Маруся прислушивалась к тихому треску сучьев и шелесту веток до тех пор, пока они совершенно замерли, затем опустила голову и раздумалась.

Ей было о чём призадуматься: столько неожиданного и таинственного случилось с ней в последнее время, столько важных, всемогущих людей она перевидала.

А главное столько во всём этом было для неё всё-таки темного и непонятного.

Она всё время точно ходила по краям каких-то невидимых, но живо чувствуемых пропастей.

— И отчего это люди бывают такие недобрые? думала она.

И в детском, не развившемся еще уме, возникал целый ряд тех общественных вопросов, от которых нередко ломит головы самых опытных мыслителей.

Время от времени, измученная этими тяжелыми мыслями, на которые не находились у неё других ответов кроме «воля Божия», «попущенье Божие», она поднимала голову и оглядывалась кругом.

Удивительная лесная тишина и прохлада освежали и нежили её, до нельзя измученное, усталое долгими странствованиями и беспрерывными душевными тревогами, тело, но в то же время, при её смятенном состоянии духа, были для неё чем то вроде пытки. [127]

Никакого ответа не давала эта спокойная, равнодушная природа.

Если сравненье юной, свежей, терзаемой заботами души с цветущей розой, угнетаемой терниями подходило к кому нибудь, так это к спутнице бандуриста, которая сидела теперь под наметом старого дуба, чуть видная из-за зелени.

В лесу мало-помалу темнело, словно чья то невидимая рука надвигала на него шапку. Светлые полосы и пятна, падавшие на древесные корни и стволы исчезли; только пронизывались еще тонкие стрелки пурпурового заката.

Маруся вдруг вышла из под дуба, живая тревога настоящей минуты поглотила все остальные тревоги, заботы и недоумения.

— Сказал: скоро ворочусь! проговорила она. И ничего не слышно!

Да, ничего не было слышно, как она ни прислушивалась. Зеленый лес стоял кругом стеною, — даже птичий крик не нарушал безмолвия этой чащи, даже ветер не шелестил листвою.
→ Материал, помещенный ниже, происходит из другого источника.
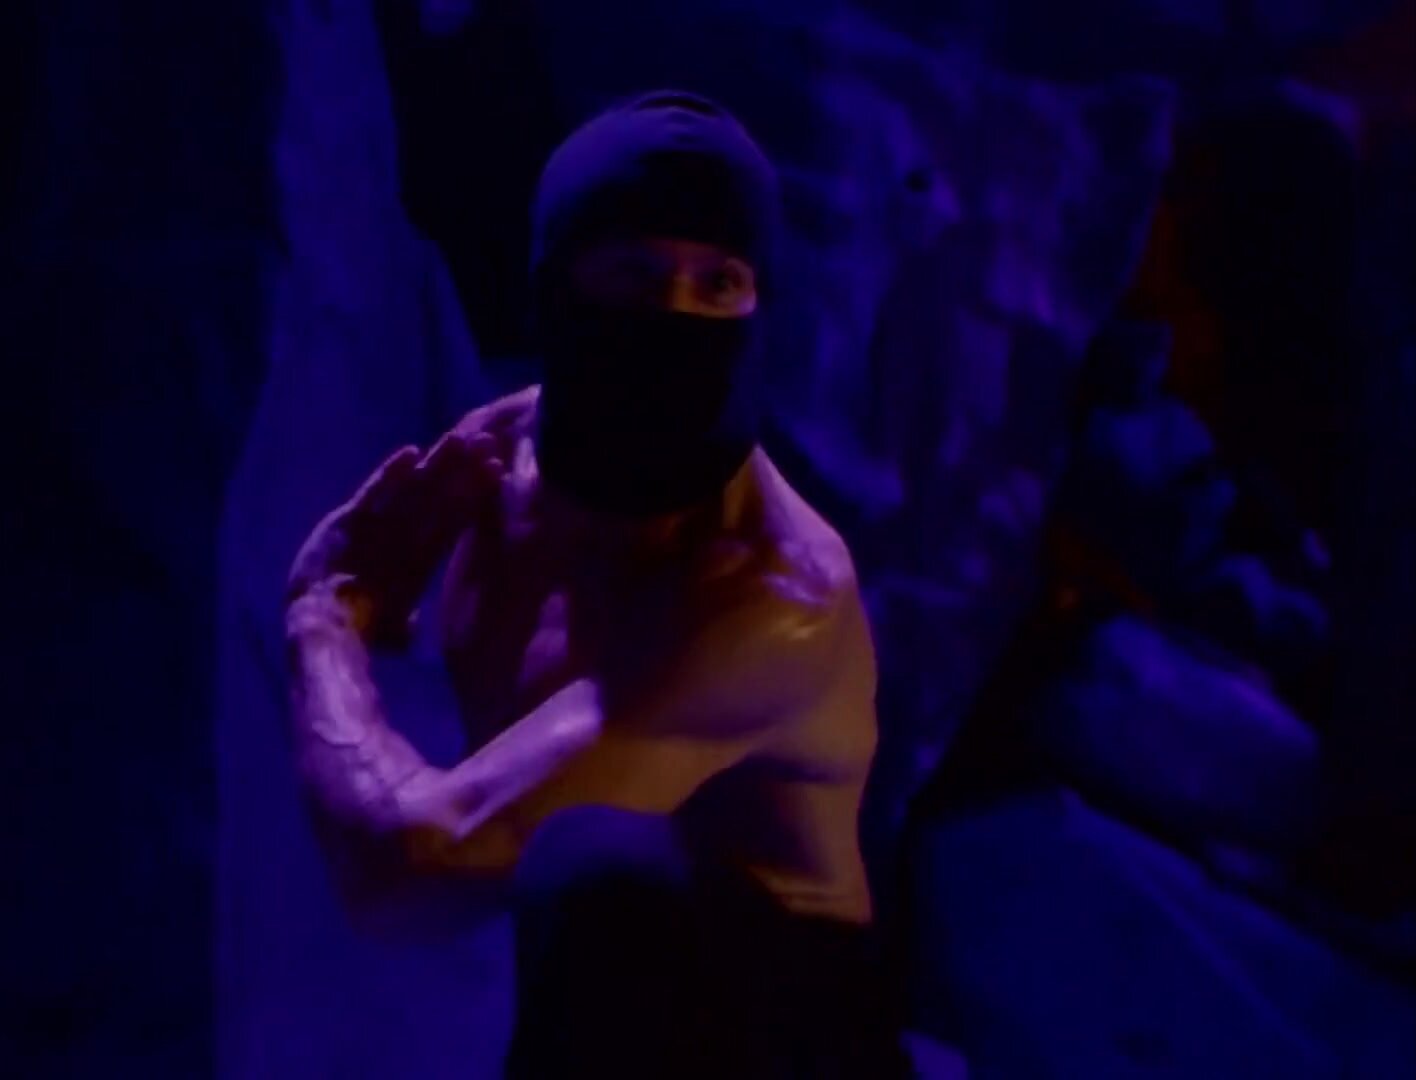 shirtless masked sentry fight and defeated

Вдруг раздался выстрел, — один, другой.

Маруся выпрямилась, как под влиянием электричества.

Еще выстрел.

И всё тихо и глухо. Напряженный слух ничего не улавливает.

Так прошло еще несколько времени, — сколько именно — неизвестно, но Маруси оно стало за долгое.

Сначала она часто вставала, ходила, прислушивалась, — потом, утомившись этими волненьями, осталась на старом месте, под дубом, неподвижно, как изваянная.

Она даже и тогда не поднялась, когда очень явственно послышался шорох, — только щеки у неё вспыхнули и глаза тоскливо устремились в ту сторону.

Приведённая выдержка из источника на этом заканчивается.